L’argent ne fait pas tout.

Pour le physicien Michel Spiro, qui préside aujourd’hui la Société française de physique après avoir été à la tête du conseil du CERN, tout le mal vient de ce que «  la recherche française s’est fondue, au gré de réformes successives entamées il y a une quinzaine d’années, dans un moule anglo-saxon qui ne correspond pas à sa culture profonde  ». Ce moule se caractérise notamment, au niveau des financements, par la prédominance des appels à projet sur les crédits récurrents. « Ce système de financement sur appels à projets, du fait de la multiplicité des guichets - ERC, Agence nationale de la recherche (ANR), régions, pôles de compétitivité, investissements d’avenir, etc. -, s’est trop fragmenté et a perdu de sa cohérence. Cette dispersion fait perdre énormément de temps aux chercheurs  », tempête-t-il.

Présentée depuis sa création en 2005 comme le bras armé de l’Etat stratège en matière de recherche, l’ANR a vu son budget s’amoindrir dangereusement depuis 2008 (de 840 millions d’euros, il est tombé à 510 en 2015). Résultat : seul un projet sur dix qui lui est présenté obtient un financement, alors que son équivalent d’outre-Rhin maintient un taux de succès plus encourageant de 25 à 30 %. Encore une fois, le petit coup de pouce de 134 millions donné à l’ANR dans le budget 2018, s’il constitue un signal positif, ne suffira pas à renverser la barre.

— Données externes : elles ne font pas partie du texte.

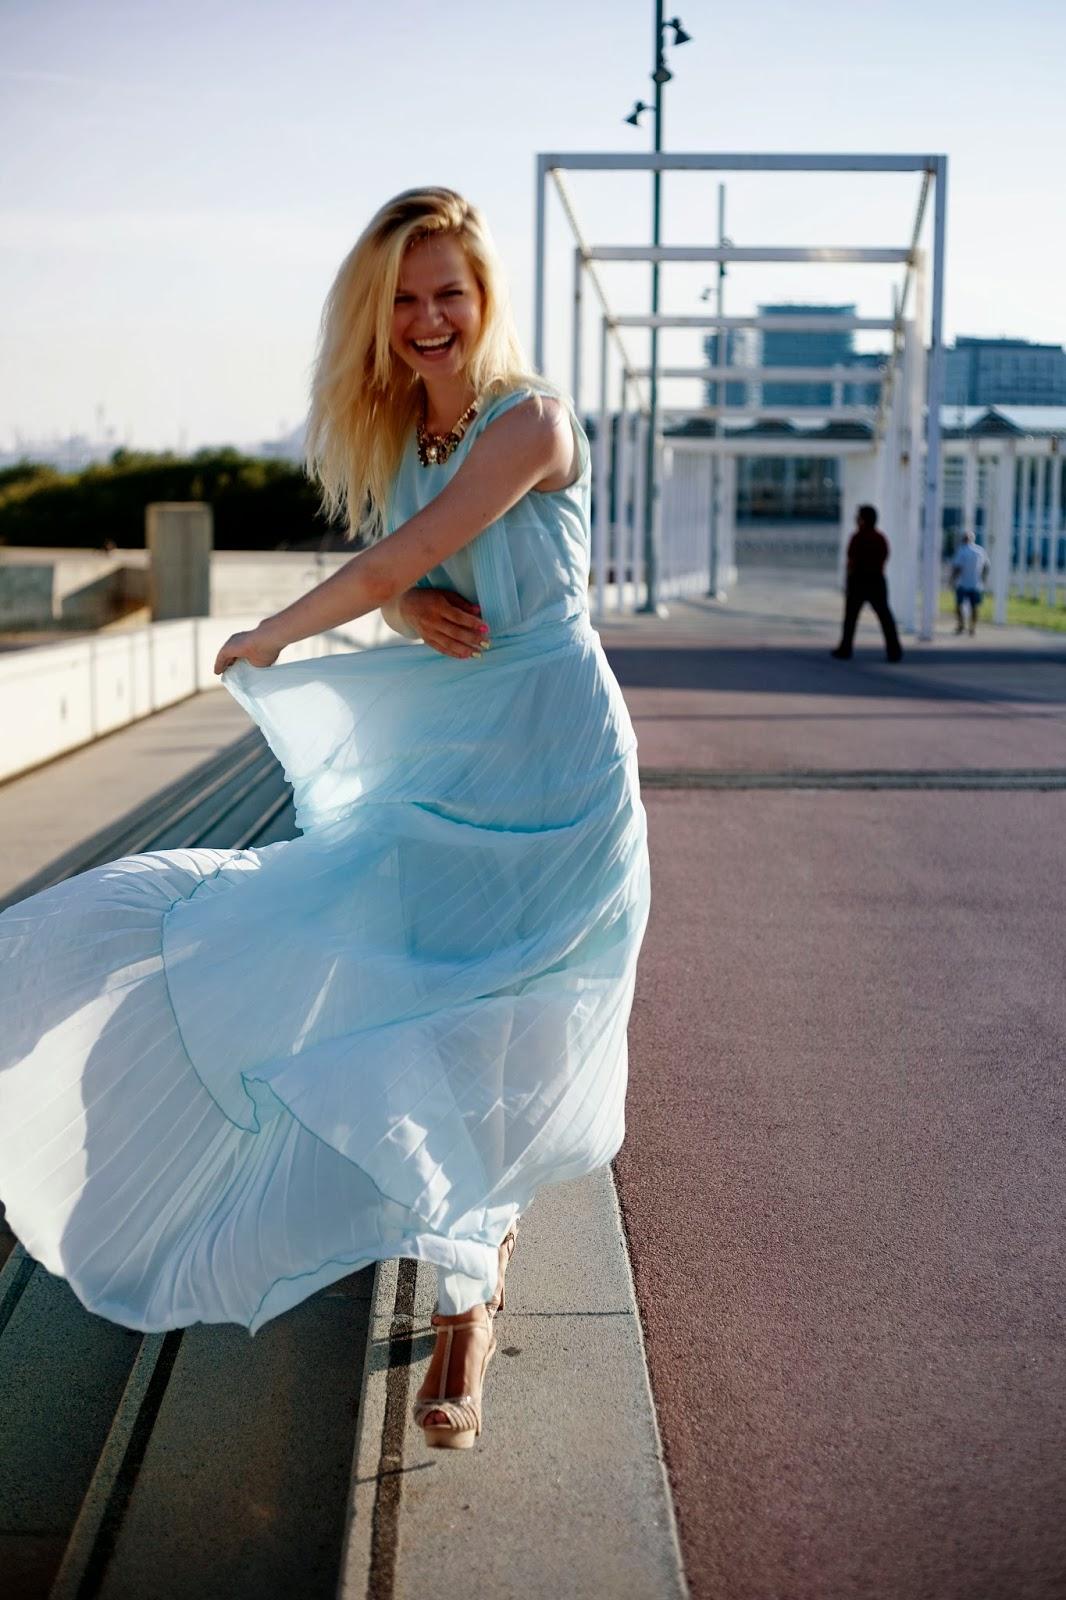 Блоггер,лучший блоггер,Барселона,Ирина Павлова

L’argent manque. Mais l’argent ne fait pas tout. Et les problèmes de la recherche française ne s’enracinent pas que dans le seul sous-financement. Quoi qu’en dise l’étude d’Opinionway sur la bonne opinion que les Français ont de la recherche et des chercheurs, il est des signes qui ne trompent pas, et ne laissent pas d’inquiéter les observateurs. Si le nombre d’étudiants à l’université augmente sensiblement d’année en année - ce qui ne fait d’ailleurs que compliquer un peu plus l’équation budgétaire -, les inscriptions en doctorat, elles, baissent. Une désaffection qui s’explique bien sûr par la précarisation de la recherche publique, mais aussi et peut-être plus encore par l’ insuffisante valorisation du doctorat (par opposition à une formation d’ingénieur ou d’école de commerce) dans les entreprises. « Les docteurs en entreprise se heurtent à un plafond de verre, car les dirigeants n’ont pas cette culture  », note Patrick Lemaire, qui met en balance la proportion extrêmement faible de patrons du CAC 40 issus du monde académique et leur place nettement plus importante dans le DAX - même chose pour les gouvernements respectifs d’Emmanuel Macron et d’Angela Merkel. «  Le fait que la chancelière ait un doctorat en chimie quantique a un profond impact sur la politique scientifique de l’Allemagne  », conclut-il.

Yann Verdo
Journaliste scientifique aux « Echos »


[1Enquête réalisée les 20, 21 et 22 septembre auprès de 1.059 personnes, pour le compte du créateur d’entreprises en sciences du vivant Quattrocento.